Far from helping control DWI rates, a system in Texas that slaps steep surcharges on drunk driving offenders and others, has actually contributed to case backlogs in courts, and more numbers of DWI cases being dismissed. That opinion comes from a former McLennan County district court judge, David Hodges.
David Hodges told the Texas Public Safety Commission this week that the surcharge system had failed to work like it was meant to. Under the system, persons who violate certain driving rules, including drunk driving offenders, are slapped with a DPS surcharge. DWI offenders are, by far, the worst affected by such surcharges. They can expect a surcharge of $1,000 annually for three years for the first conviction, and after that, a surcharge of $2,000 annually in cases, where the BAC level was found to be twice the legally allowed limit.
Many DWI offenders tend to be young students, single parents and other persons who don't earn enough to support such massive surcharges. For these people, the choice is between paying for their daily needs, or paying the surcharge. In fact, a majority of people slapped with a surcharge fail to pay these, in spite of the state establishing collection agencies to collect surcharges. The estimated 1.2 million people who have not paid their surcharges owe the state of Texas more than $1Billion. As a result of not paying the surcharge, these individuals have lost their drivers licenses.

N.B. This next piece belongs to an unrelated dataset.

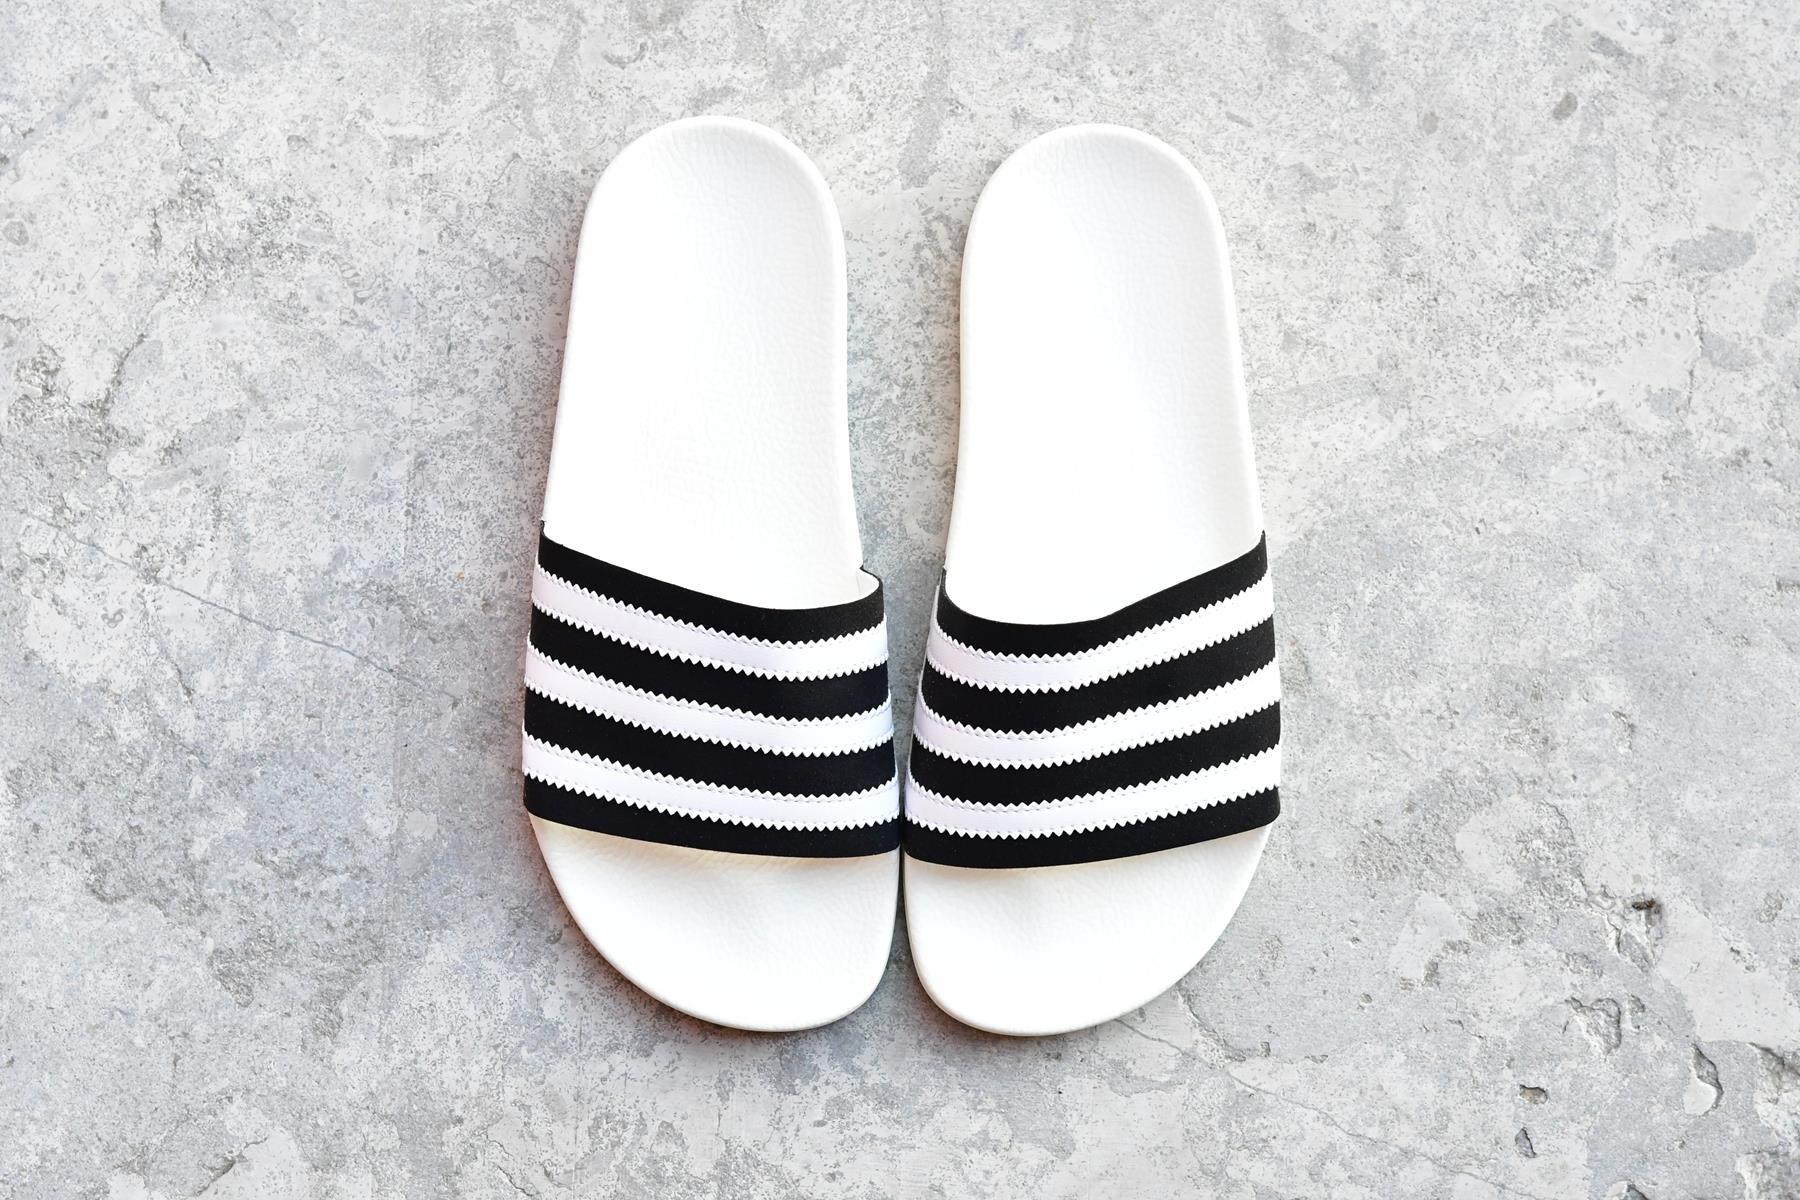 BD7592_AmorShoes-adidas-Originals-Adilette-Core-Black-Footwear-White-Off-White-chancla-pala-negra-microante-negro-rayas-blancas-suela-goma-blanca-BD7592

The system was established in order to raise money for important projects, including highway construction and building of new trauma care centers. None of that has happened as planned. Very little money collected from the surcharge system has gone into construction of trauma care centers.
David Hodges is supporting a modification to the system that would allow persons convicted of DUI to have part of the surcharge waived off, in exchange for getting admitted into an alcohol treatment program. As Houston DWI attorneys, we find this option very encouraging. Often, drunk driving offenders could do with a little encouragement getting into a treatment program. Having a big chunk of their surcharge sliced off in return for getting the treatment they need, could work as the incentive the state hopes it will.
In any case, it makes no sense to hang onto a poorly thought-out system that might have had good intentions, but has suffered from poor implementation. As Houston DWI lawyers, we see that most DWI offenders in Texas can't afford to cough up $1,000 or $2,000 every year for several years. It therefore, makes little sense to hold on to the system.